Вкус профессора безупречен. И здесь я, помимо врождённого отвращения к contemporary art, настаиваю на костюме от Бриони. Умение подобрать машину, женщину и аксессуары бесценно, но только костюм даёт полную и бесповоротную индульгенцию. Форма настолько идеальная, что становится сущностью, он развоплощает грех, делает его холодной и жалкой абстракцией, которую уже и самый искусный моралист не приклеит к этому неуязвимому неподсудному совершенству. Вот почему Контора железной рукой и пятой реагирует на поползновения своих менеджеров среднего звена форсить не по чину. Сегодня он в Бриони, резонно рассуждает Контора, завтра с акцией на свой страх и риск, а послезавтра и с предъявой.

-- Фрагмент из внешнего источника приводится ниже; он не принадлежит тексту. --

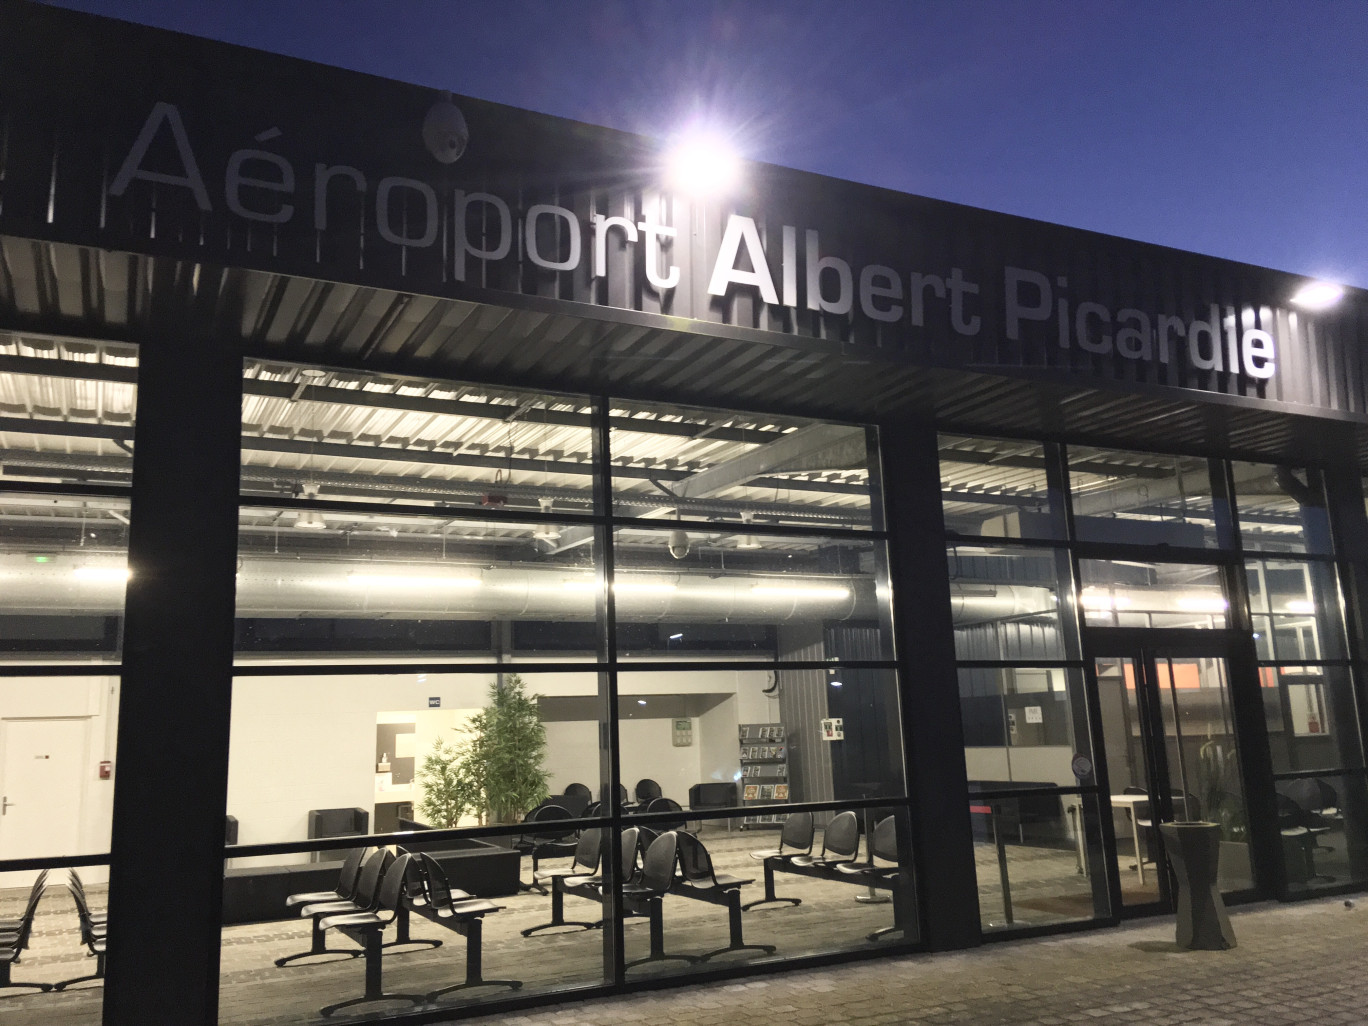  L'aéroport Albert-Picardie sera renommé pour être mieux identifié comme à proximité d'Amiens. ©Aletheia Press/ DLP

К хорошему костюму – хороший рост. Рост, возможно, не имеет значения для героя, которого изображает киноактёр, но герой настоящий – тот, кто проходит, если вам повезёт, мимо вас по улице, – должен быть рослым. Говорю это со всей ответственностью, как человек, который на голову ниже собственной жены, когда та на каблуках. А эта дрянь всегда на каблуках. 178 см ей недостаточно. Вот бы проучил тебя учитель свирепости, человек могучего телосложения и сведущий!

С трудом я вспоминаю, что и мне предстоит кое-кого проучить. Ввернуть что-нибудь о пошатнувшемся здоровье бедной мамы? Бедная мама – крепкая лошадь, которую хватит удар только в том случае, если кто-нибудь из подруг перещеголяет её по части курортов и тряпок. Проблемы на работе у папочки? Это мало того что неправда, это не аргумент: папочкины проблемы интересуют только расчётливых умненьких гадёнышей, умеющих быстро скалькулировать относительно проблем курс собственных карманных денег. Действительно сильным аргументом была бы собачка, но собачку в прошлом учебном году усыпили.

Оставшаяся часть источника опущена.